Some types of justifications:
- Self-evident: the claim is the evidence. For example: we claim that Tuesdays have the highest average sales in the past year, and our evidence is that we have tabulated sales for each day over the past year. No further justification is needed.
- A model, e.g. a regression model as the evidence. When we present a regression model as part of our solution, we implicitly have a sub-claim here: the model is accurate enough. Our justification would be something like cross-validation with accuracy measured in dollars, for example.
- Be aware of rebuttals to our arguments
This is probably etched to the minds of everyone who has spent their time debating—rebuttals are important so that we can make a water-tight argument. It's really helpful to think about rebuttals in the context of data problems, though. Example: when doing a drug trial using randomized controlled trial, we might have justify that we have evidence of causal relationships. Common rebuttals would be something along the line: what if the sample size is too small? What if the randomization is improper? What about other confounding factors?

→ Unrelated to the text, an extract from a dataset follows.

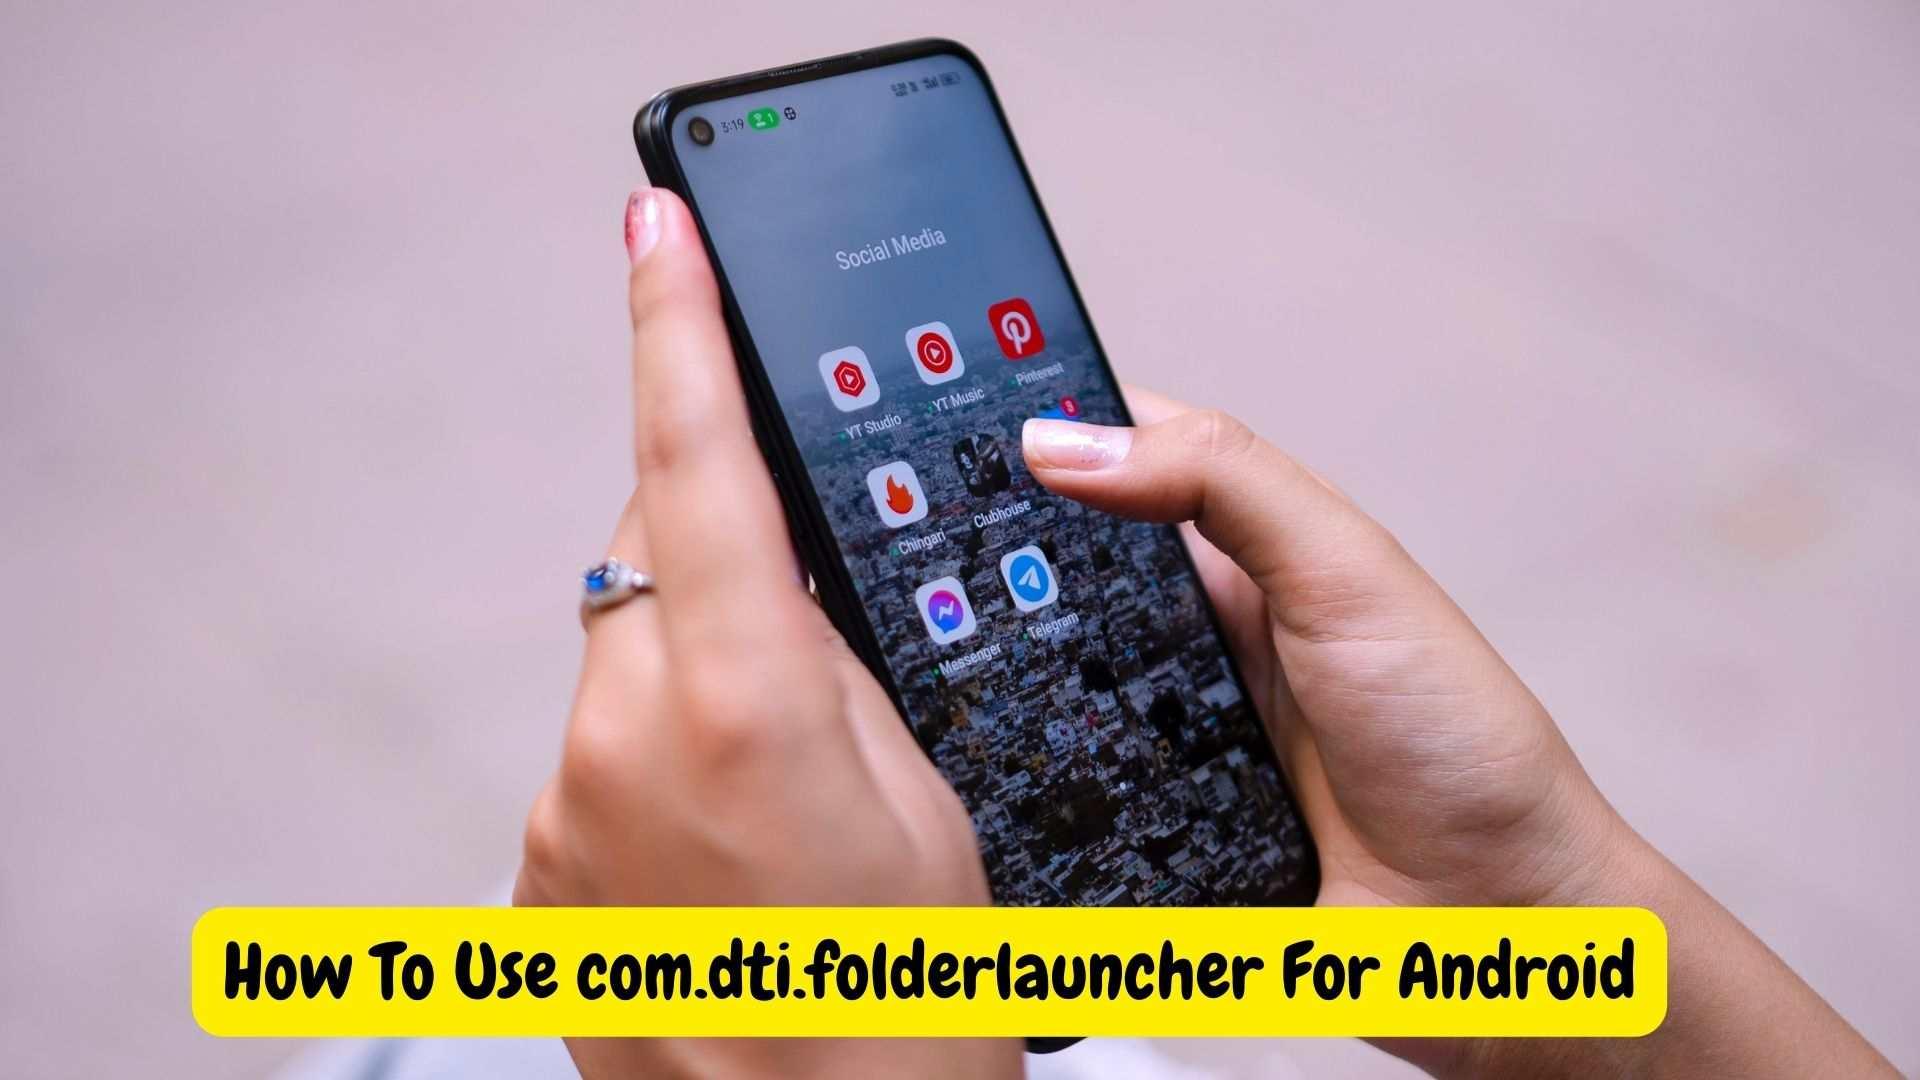 How to install com.dti.folderlauncher in Android.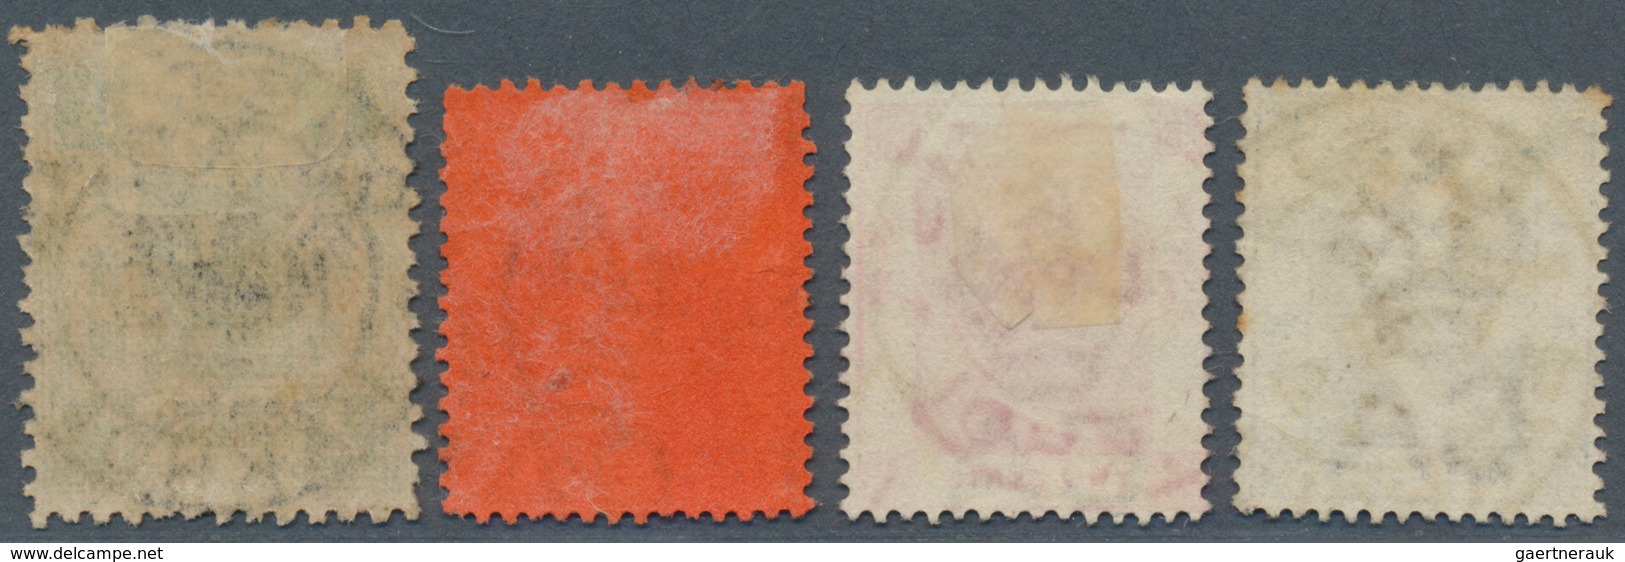 China: 1891/97, "CUSTOMS PAKHOI" Double Circle On Stamps Of Hong Kong Or 2 Cents/2 Ca., All Readable - 1912-1949 Republik

- Patterns of reasoning provide us a bag of tricks that we can use to build our arguments
The great thing about studying arguments is that arguments have long been studied, so we can draw inspiration from those prior studies and apply them in the context of data problems. Once you know common patterns of arguments, you will: a) start to notice that these patterns come up a lot over and over again, even when working in data problems, and b) you will be able to come up with rebuttals to your arguments faster.
Of course, we cannot just take the structure of arguments from other disciplines and use them for data problems without changing anything—we need to modify them to fit our needs in terms of data problems. This is the focus of the last 1/3 of the book.
There are many, many examples of these and they are worth going through one by one. By the end of the section I was pretty awed because they definitely have come up a lot when I was working on data problems. I just didn't know that there are names for such patterns, and knowing the common rebuttals for each pattern definitely helps me a lot in making sure that my arguments are sound.
Here is an example: the general-to-specific pattern refers to beliefs that a general pattern infers results for particular examples. In terms of data this is something like using statistical model to make inferences (building a statistical model, on the other hand, corresponds to a specific-to-general pattern). The common rebuttal would be something along "this example may not have the properties of the general pattern" or "this is probably an outlier".
I think anyone who wants to be a good data practitioner beyond fitting models should definitely read this book cover-to-cover. However, I think if I had read this book a few years ago fresh out of school with no idea of how a real-world project looks like, I would have just skimmed through it without getting much out of it. I'd still encourage my old self to read it and take notes, but I'd also tell her to revisit it a second time sometime later.
I also think that this book may be too elementary for those who have had trainings and experiences in project/product management or business analysis, so if you've already had ample experience in those fields or topics, you may want to skip this one.
Personally, though, I resonate with this book so much and I feel like I'm reading it at the right time too.